This is a MapReduce service-level health test that checks that enough of the TaskTrackers in the cluster are healthy. The test returns "Concerning" health if the number of healthy TaskTrackers falls below a warning threshold, expressed as a percentage of the total number of TaskTrackers. The test returns "Bad" health if the number of healthy and "Concerning" TaskTrackers falls below a critical threshold, expressed as a percentage of the total number of TaskTrackers. For example, if this test is configured with a warning threshold of 95% and a critical threshold of 90% for a cluster of 100 TaskTrackers, this test would return "Good" health if 95 or more TaskTrackers have good health. This test would return "Concerning" health if at least 90 TaskTrackers have either "Good" or "Concerning" health. If more than 10 TaskTrackers have bad health, this test would return "Bad" health. A failure of this health test indicates unhealthy TaskTrackers. Check the status of the individual TaskTrackers for more information. This test can be configured using the MapReduce MapReduce service-wide monitoring setting.

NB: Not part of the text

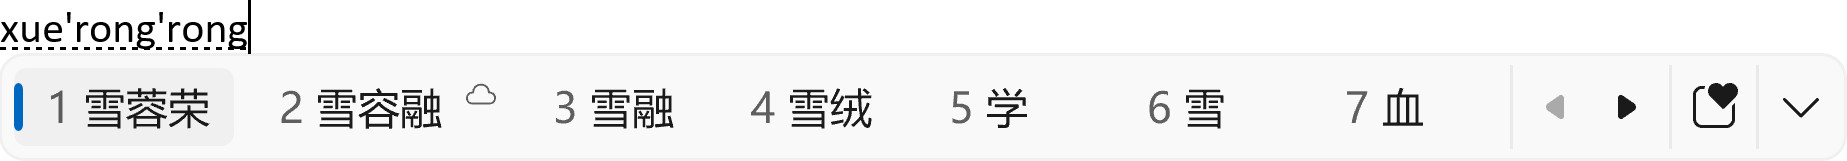 简体中文 IME 候选窗口，Bing 的单词建议排在第二位。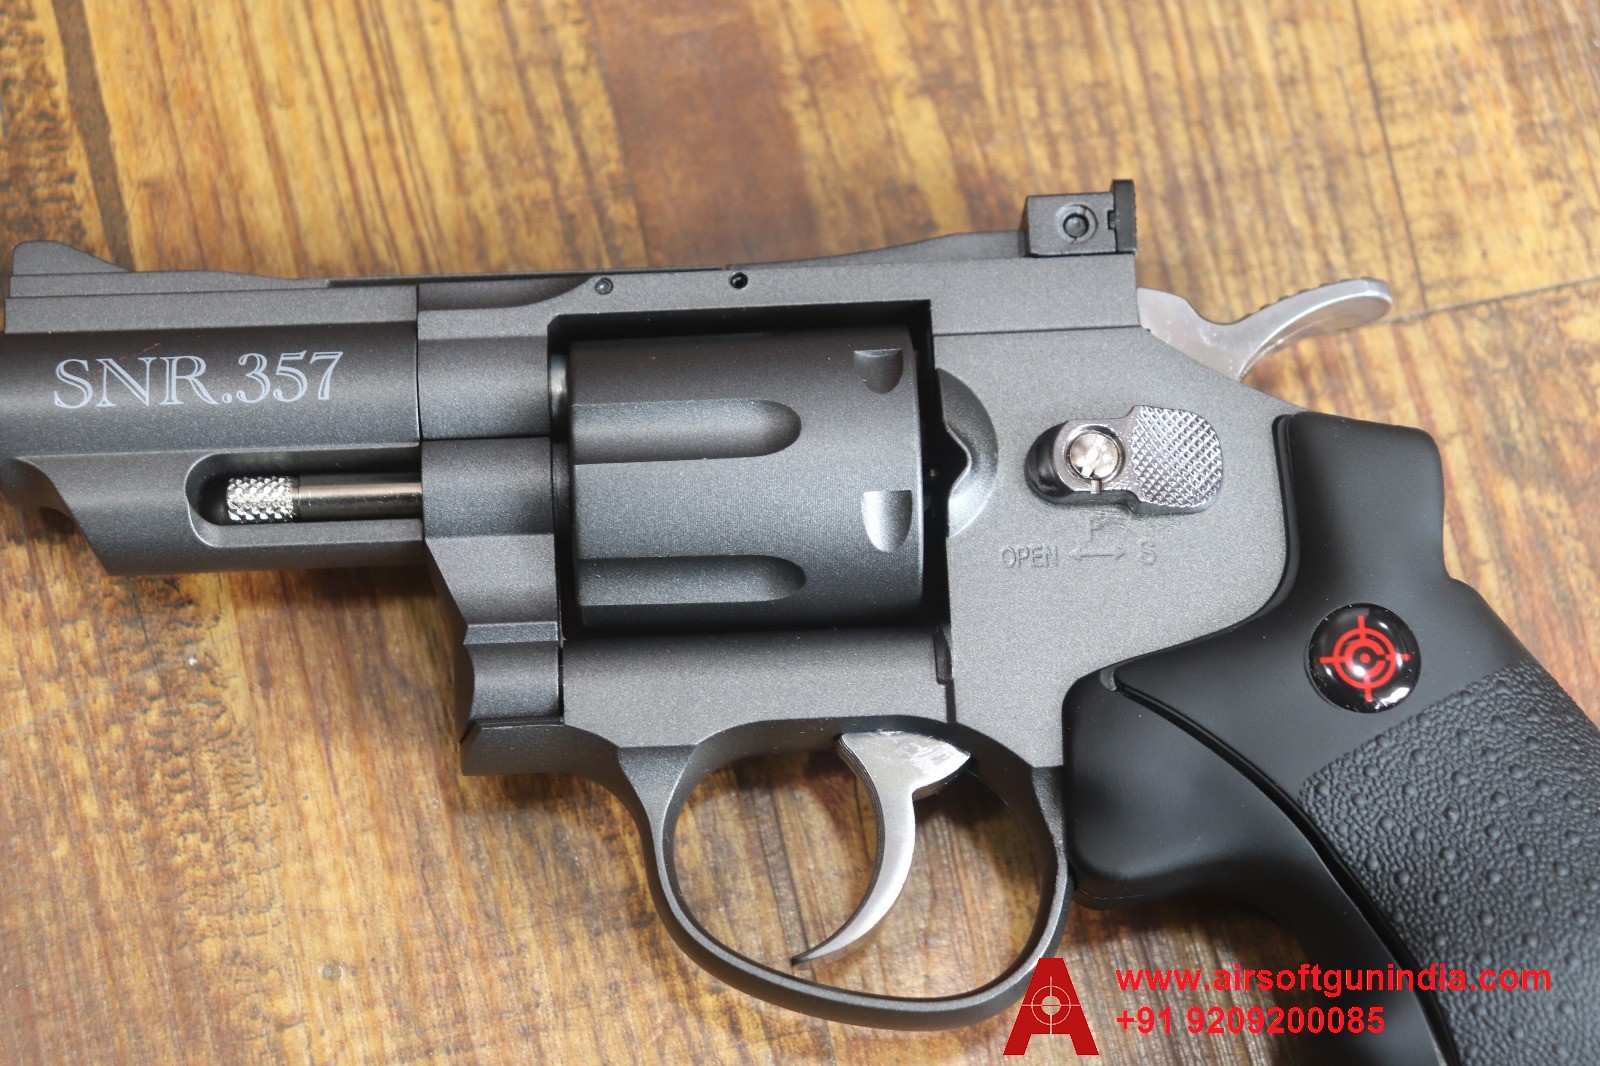 Crossman SNR 357 Pellet And BB .177Cal, 4.5mm Air Revolver By Airsoft Gun India

Short Name: TaskTracker Health
Healthy TaskTracker Monitoring Thresholds🔗
- Description
- The health test thresholds of the overall TaskTracker health. The check returns "Concerning" health if the percentage of "Healthy" TaskTrackers falls below the warning threshold. The check is unhealthy if the total percentage of "Healthy" and "Concerning" TaskTrackers falls below the critical threshold.
- Template Name
-
mapreduce_tasktrackers_healthy_thresholds
- Default Value
- critical:90.0, warning:95.0
- Unit(s)
- PERCENT